Instructions to follow: I'd like the listing below copied exactly, with the images left out.

Given information:
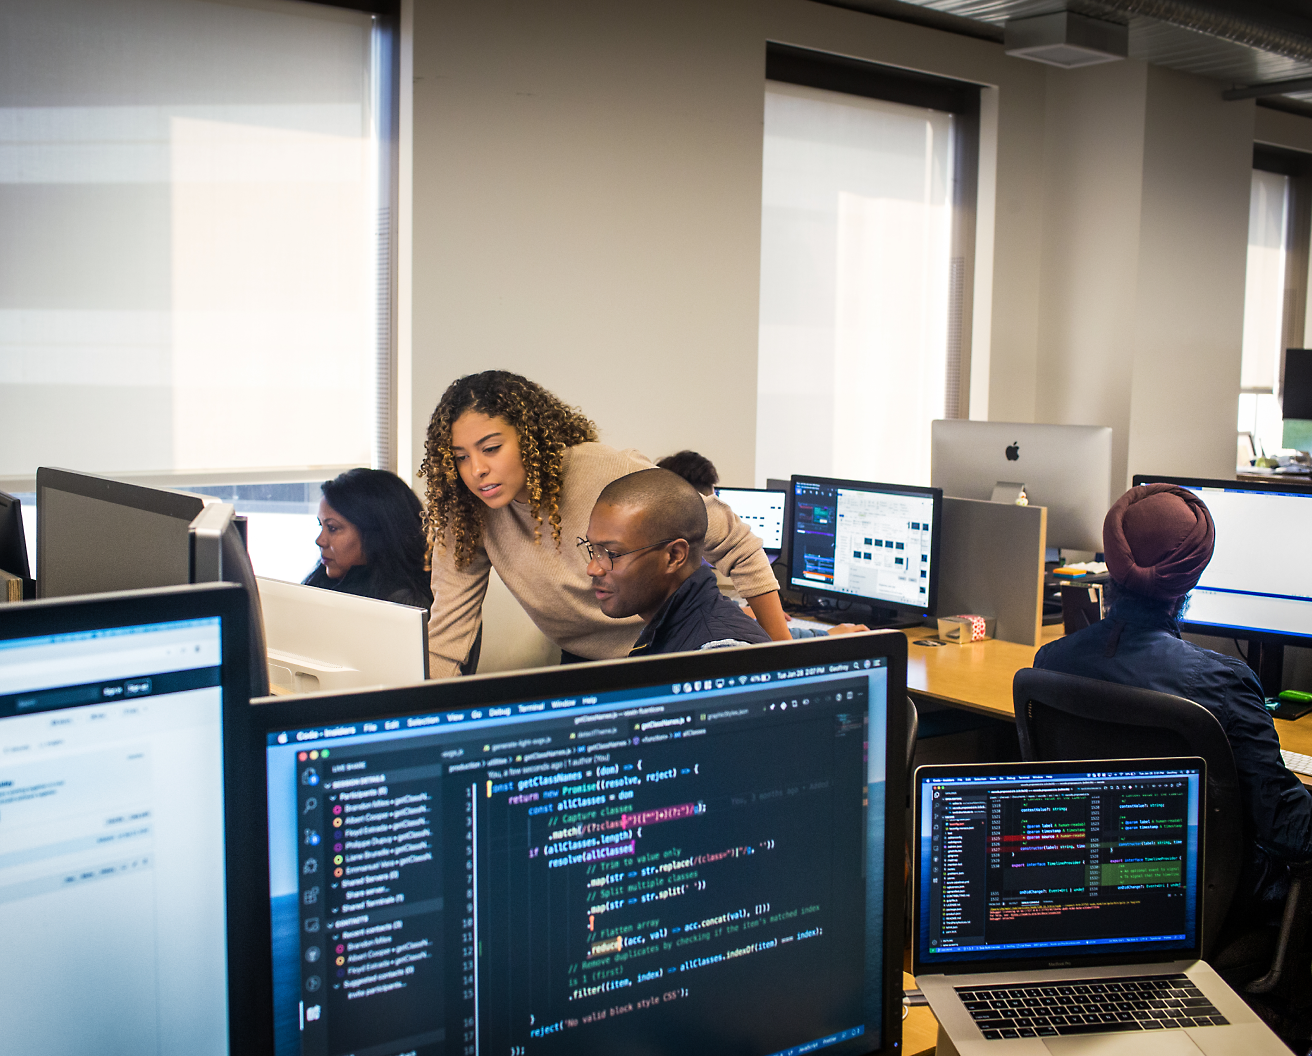 Diverse group of professionals working on computers in an office environment, focusing on screens with various code and data visible.
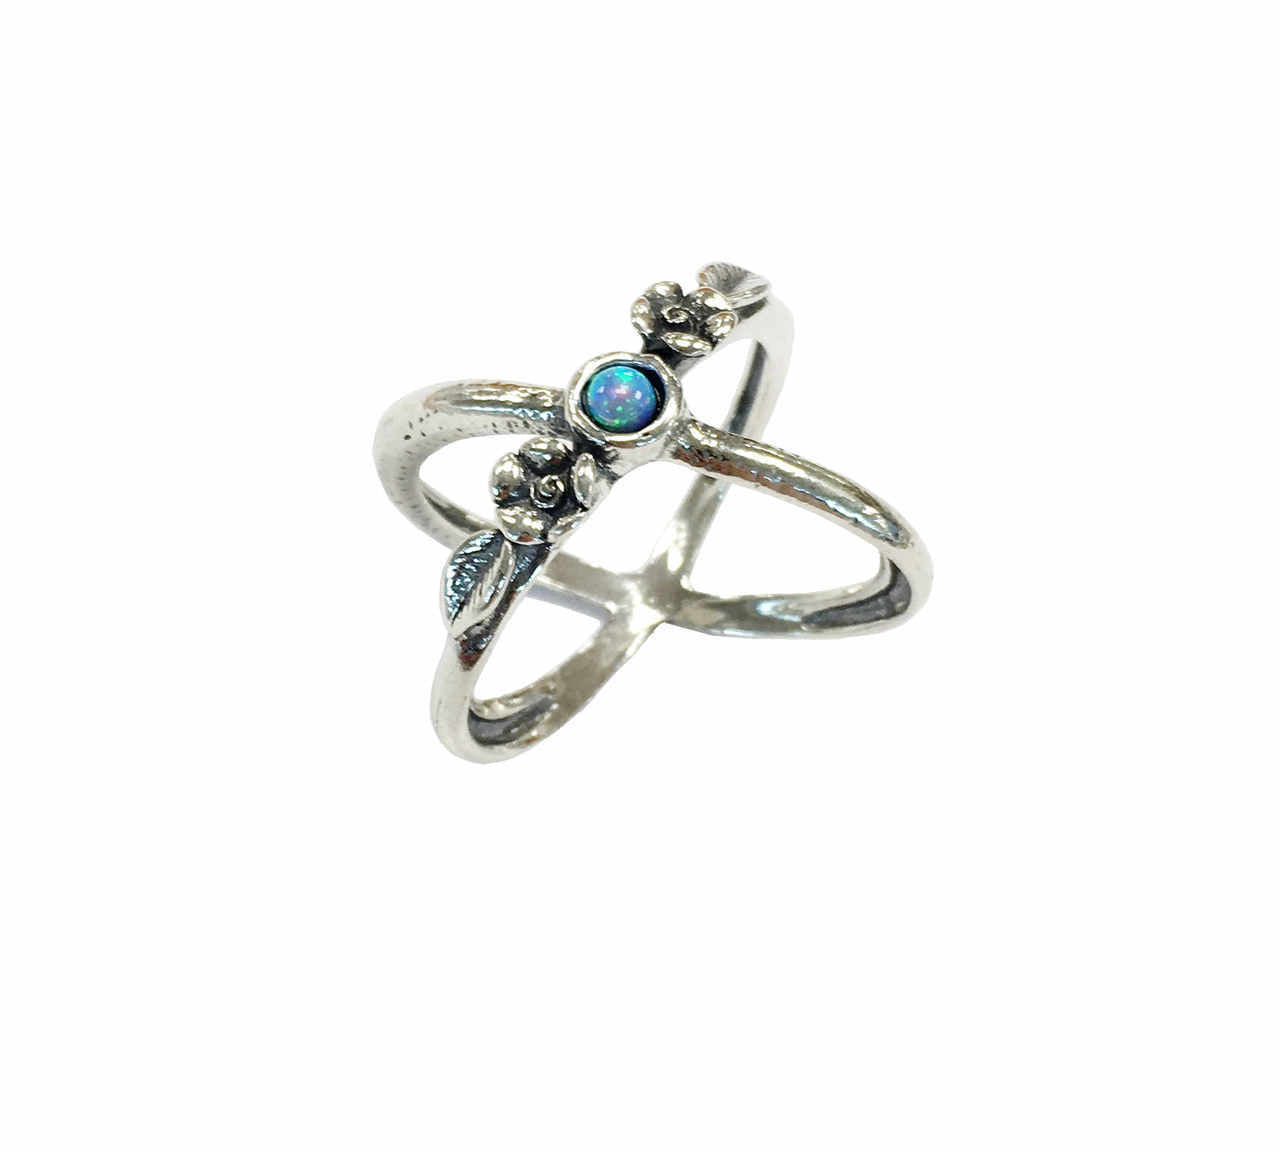 Crossover Opal Ring - The Nancy Smillie Shop - Art, Jewellery & Designer Gifts Glasgow
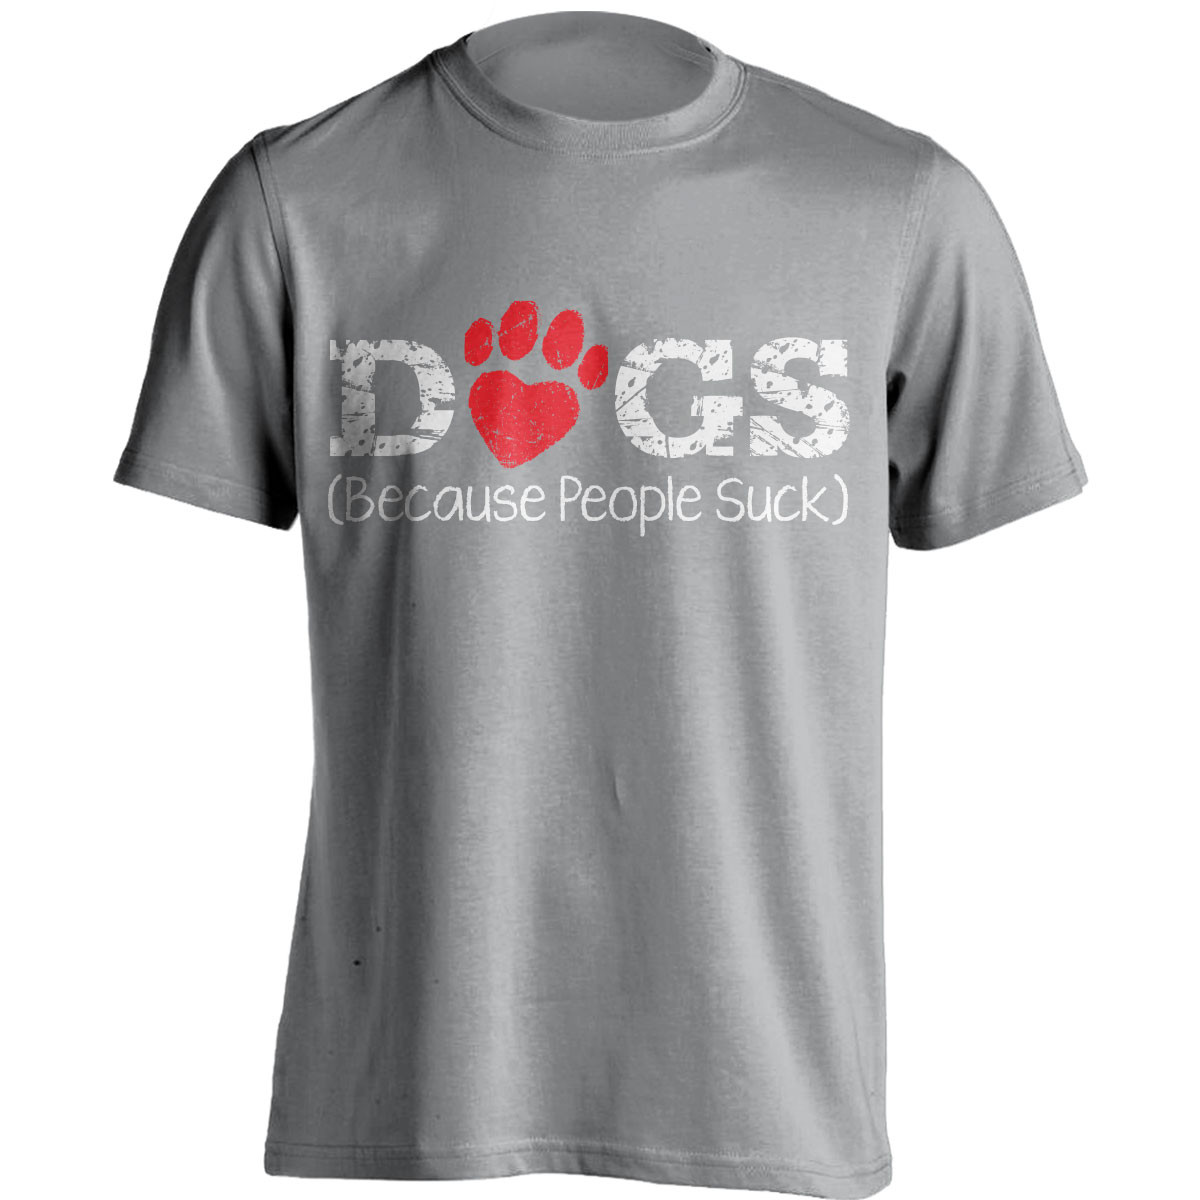 "Dogs Because People Suck" T-Shirt
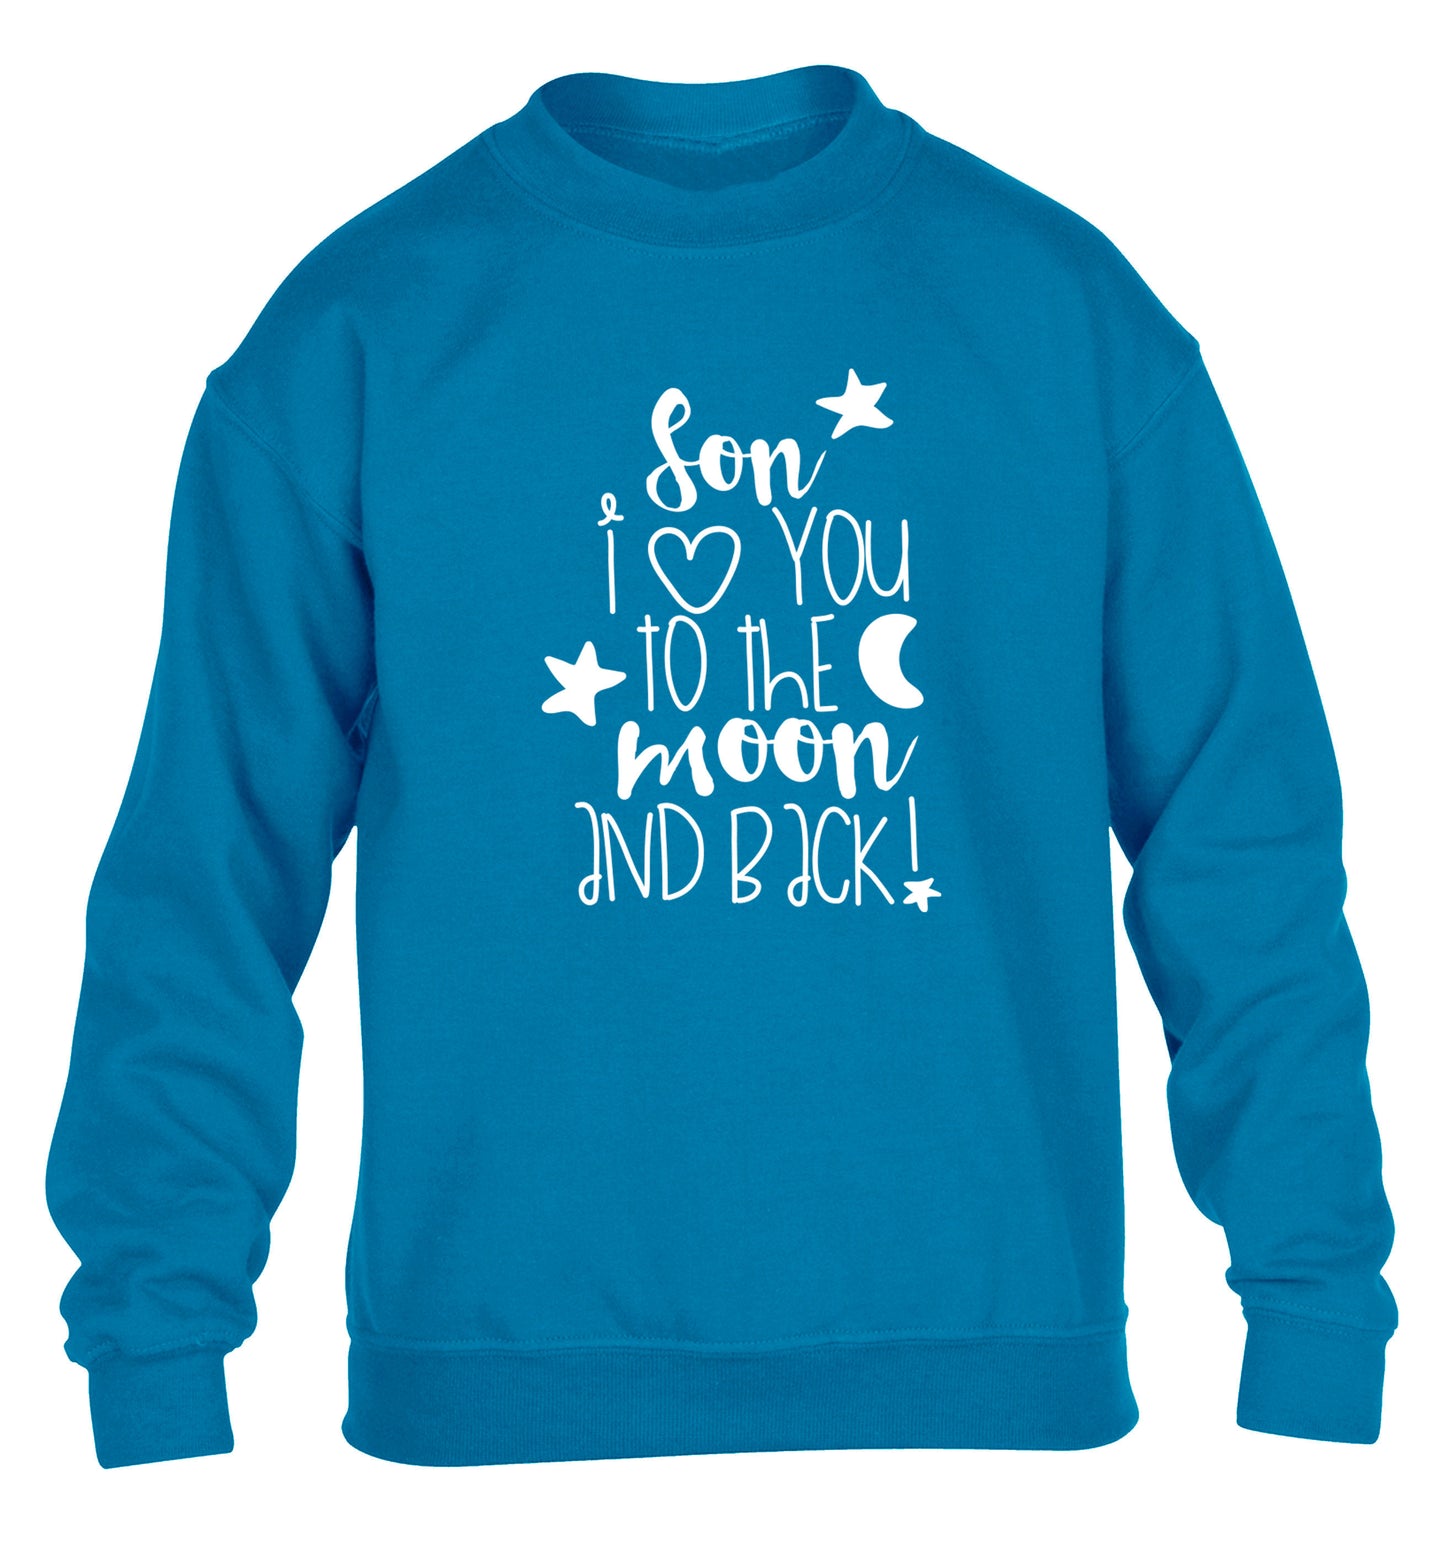 Son I love you to the moon and back children's blue  sweater 12-14 Years

Answer:
 Diverse group of professionals working on computers in an office environment, focusing on screens with various code and data visible.
 Crossover Opal Ring - The Nancy Smillie Shop - Art, Jewellery & Designer Gifts Glasgow
 "Dogs Because People Suck" T-Shirt
 Son I love you to the moon and back children's blue  sweater 12-14 Years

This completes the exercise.